Kopenhagen thront erneut an der Weltspitze – Wien muss sich geschlagen geben. Das globale Städteranking 2025 hält einige Überraschungen bereit.
Zum zweiten Mal in Folge belegt Kopenhagen den ersten Platz im Global Liveability Index – und verweist damit Wien erneut auf den zweiten Rang. Der Index wird jährlich von der Economist Intelligence Unit (EIU) erstellt, dem Forschungs- und Analysearm der Economist Group. Grundlage der Erhebung sind Befragungen von Expats – also Menschen, die dauerhaft außerhalb ihres Herkunftslandes leben. Der Global Liveability Index 2025 bewertet insgesamt 173 Städte weltweit anhand von 30 Indikatoren in fünf Kategorien: Stabilität, Gesundheitswesen, Kultur und Umwelt, Bildung und Infrastruktur.

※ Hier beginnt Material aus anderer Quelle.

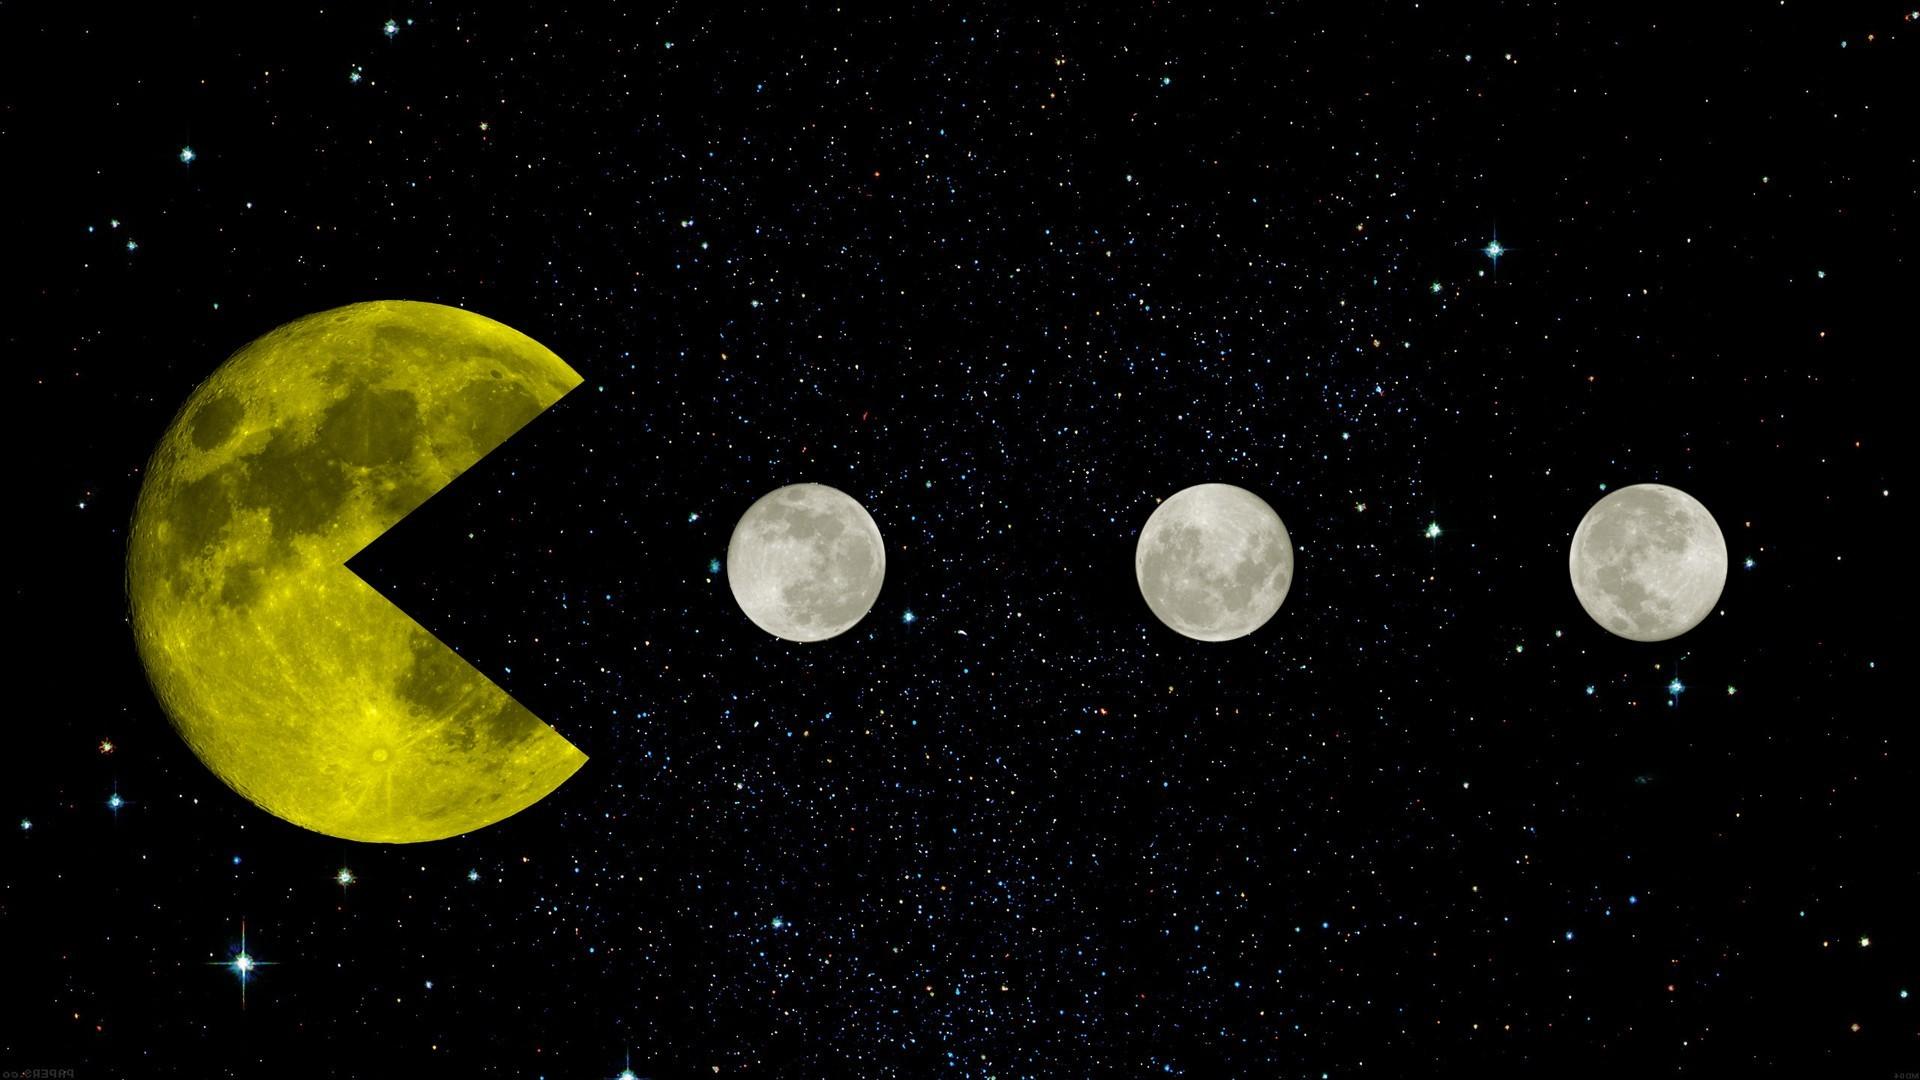 Pac Man, Yellow, Space, Moon, Moon, Stars, Black, Retro

Hinter Kopenhagen und Wien folgen Melbourne auf Platz drei, Genf auf Platz vier sowie Sydney auf Rang fünf. Westeuropa behauptet sich mit einem Durchschnittswert von 91,7 Punkten als lebenswerteste Region der Welt. Die Bewertung erfolgt in den Bereichen Stabilität, Bildung und Infrastruktur – in allen drei Kategorien erzielte Kopenhagen die maximale Punktzahl von jeweils 100.
Asiens Aufstieg
Über mehrere Jahre hinweg hatte Wien die Spitzenposition in diesem Ranking inne, ehe die dänische Hauptstadt die österreichische Bundeshauptstadt 2025 ablöste. Wien belegte in den Jahren 2018, 2019, 2022, 2023 und 2024 jeweils den ersten Platz und wurde 2018 als erste europäische Stadt überhaupt an die Spitze dieses Rankings gesetzt. Den stärksten regionalen Zuwachs verzeichnete Asien mit einem Plus von 0,3 Punkten auf einen Gesamtwert von 73,9. Als Hauptgrund nennt der Economist Fortschritte im Gesundheitswesen chinesischer Städte – sämtliche 19 im Index erfassten Städte Chinas verbesserten sich in dieser Kategorie.
New York kletterte um drei Plätze auf Rang 66 und gehört mit einem Zuwachs von 1,2 Punkten zu den größten Aufsteigern des gesamten Rankings. Laut Economist ist diese Entwicklung auf rückläufige Kriminalitätszahlen und ein gesunkenes Terrorrisiko zurückzuführen.
Nahost unter Druck
Einen gegenläufigen Effekt auf das Gesamtranking hatte die angespannte Sicherheitslage im Nahen Osten. Der Krieg gegen den Iran habe die Stabilitätswerte in der gesamten Region gedrückt. Städte in Nahost und Nordafrika verloren im Schnitt mehr als drei Plätze.
Maskat büßte 14 Ränge ein und liegt nun auf Platz 123, Kuwait-Stadt fiel um zwölf Positionen auf Rang 105. Das Schlusslicht des Rankings bilden nach wie vor Städte, die von Krieg oder extremer Armut geprägt sind. Damaskus bleibt trotz einer verbesserten Gesundheitsversorgung seit dem Machtwechsel in Syrien Ende 2024 das letzte der Rangliste.
Teheran rutschte kriegsbedingt auf Rang 164 ab und zählt damit zu den zehn am schlechtesten bewerteten Städten weltweit, Kiew fiel auf Platz 166 zurück.